Your assignment ▸ Which lines below hold the word "Images"? Copy all of them.

Recorded data ▸
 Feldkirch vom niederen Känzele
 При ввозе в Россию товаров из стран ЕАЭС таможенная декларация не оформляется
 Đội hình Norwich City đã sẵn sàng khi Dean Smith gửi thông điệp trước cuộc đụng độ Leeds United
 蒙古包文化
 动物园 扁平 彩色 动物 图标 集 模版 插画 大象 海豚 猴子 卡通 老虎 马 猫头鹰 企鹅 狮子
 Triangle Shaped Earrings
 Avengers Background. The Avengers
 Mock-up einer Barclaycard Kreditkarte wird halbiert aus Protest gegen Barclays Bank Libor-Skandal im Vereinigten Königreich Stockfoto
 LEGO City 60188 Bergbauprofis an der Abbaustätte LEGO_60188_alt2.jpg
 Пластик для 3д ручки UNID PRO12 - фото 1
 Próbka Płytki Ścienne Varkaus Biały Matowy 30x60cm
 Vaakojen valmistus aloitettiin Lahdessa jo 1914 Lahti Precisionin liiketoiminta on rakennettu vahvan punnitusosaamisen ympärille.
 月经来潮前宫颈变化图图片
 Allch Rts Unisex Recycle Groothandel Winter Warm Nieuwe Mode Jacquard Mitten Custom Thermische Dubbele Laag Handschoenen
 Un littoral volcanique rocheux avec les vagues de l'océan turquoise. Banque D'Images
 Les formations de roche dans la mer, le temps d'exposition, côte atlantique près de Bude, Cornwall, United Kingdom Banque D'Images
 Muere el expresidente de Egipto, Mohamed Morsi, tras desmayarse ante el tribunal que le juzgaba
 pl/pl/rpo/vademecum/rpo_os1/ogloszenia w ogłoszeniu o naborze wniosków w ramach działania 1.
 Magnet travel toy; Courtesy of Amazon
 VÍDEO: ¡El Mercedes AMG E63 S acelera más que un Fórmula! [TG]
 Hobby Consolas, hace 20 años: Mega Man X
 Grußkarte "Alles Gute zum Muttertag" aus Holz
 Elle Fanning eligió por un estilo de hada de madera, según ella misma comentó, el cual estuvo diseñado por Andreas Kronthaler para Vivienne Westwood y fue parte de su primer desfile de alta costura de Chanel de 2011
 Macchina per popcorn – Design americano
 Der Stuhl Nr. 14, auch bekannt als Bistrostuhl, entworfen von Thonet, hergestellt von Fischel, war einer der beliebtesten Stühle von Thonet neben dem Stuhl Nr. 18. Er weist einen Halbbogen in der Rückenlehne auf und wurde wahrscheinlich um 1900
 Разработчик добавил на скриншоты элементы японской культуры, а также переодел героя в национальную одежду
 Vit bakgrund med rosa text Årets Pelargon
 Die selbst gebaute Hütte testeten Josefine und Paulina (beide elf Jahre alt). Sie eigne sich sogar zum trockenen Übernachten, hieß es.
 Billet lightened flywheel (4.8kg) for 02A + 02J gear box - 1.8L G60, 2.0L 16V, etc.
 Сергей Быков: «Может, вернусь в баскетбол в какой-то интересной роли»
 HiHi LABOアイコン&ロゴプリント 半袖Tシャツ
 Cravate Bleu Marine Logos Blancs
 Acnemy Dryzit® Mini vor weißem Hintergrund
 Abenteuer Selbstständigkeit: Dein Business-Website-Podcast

Exercise response ▸
 Un littoral volcanique rocheux avec les vagues de l'océan turquoise. Banque D'Images
 Les formations de roche dans la mer, le temps d'exposition, côte atlantique près de Bude, Cornwall, United Kingdom Banque D'Images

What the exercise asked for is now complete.